Building and testing the Chroma section
Contents |
The Chroma generator
Theory
THe ULA supplied U V signals, but is not able to modulate these signals into something that can be used for a TV directly, This job is done by a LM1889 chip which outputs the modulated colour information which is then later merged with the Black and white (Y) information in the Video mixer section.
The /Y signal is used in the circuit, apparently to clamp the U and V signal to +5V when sync happens. (I could be mistaken about this).
This version is the Issue 3+ version. Earlier versions used passive components which needed manual adjustment via Preset resistors. The transistor version requires no such adjustment, which is why i chose it.
Note, there is a bug in this circuit, as the Oscilator is supposed to be in sync with the video signal. (WHich is generated with the Speccy's main 14Mhz crystal). Alas, it isnt. This is the cause of the Speccy's dot-crawl problem.
Schematic
The changes I made were as follows:
In the inital version, the circuit was supplied by an external +12V supply.
In the original speccy, this was supplied by a discrete DC-DC converter, which was by far the most unreliable part of the Speccy. If something has gone wrong, chances are its the transistor in the DC-DC converter (Which then generally took out one or more of the RAM chips). Originally, this was also used to supply the 4116 Ram chips as well. As i'm not planning to use something quite as obsolete as 4116's, this is the only place the +12v will be used.
As such, i decided to use a descrete DC-DC converter powered from the +5v supply, mounted on the board.
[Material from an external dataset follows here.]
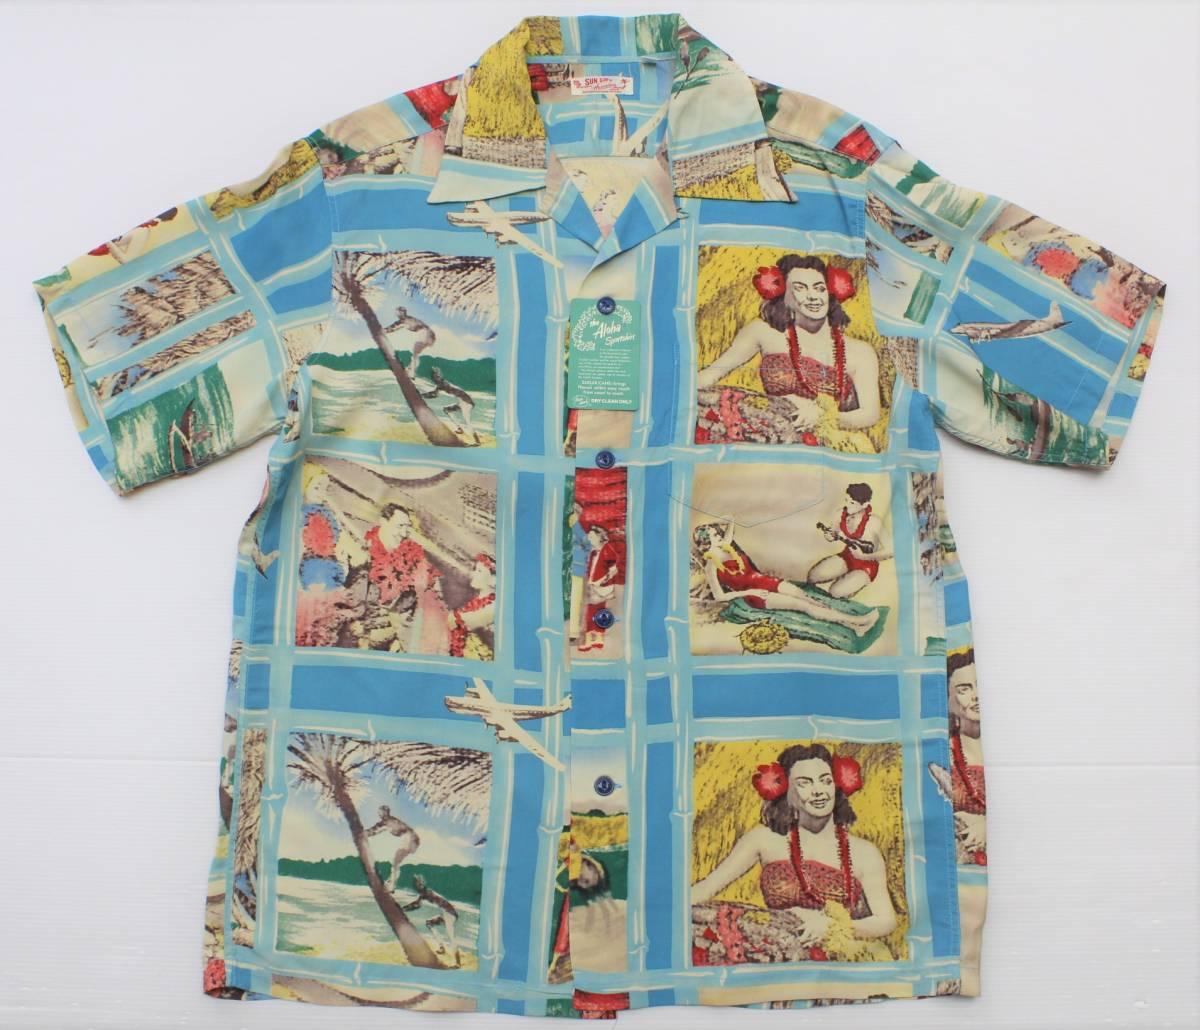 YHS39東洋Sパラダイス フラガール ココナッツボーイ ハワイ 半袖 アロハシャツSUN SURFサンサーフFLY TO THE PARADISEハワイアンシャツ_画像1

Other than that, the circuit i used is the same as the above.
Finished product
Testing
Once assembled, testing was performed by connecting in the mixer, then taking the inputs from the edge connector. (They are all available) Hopefully, it should all work first go.
If the signal appears in black and white, this usually means the oscilator isnt working, (Mainly as very little else can go wrong)
If the colours are wrong, but otherwise steady, check to see you havent mixed U and V up.
If the colours are all messed up, check the input section, especially the input transistors.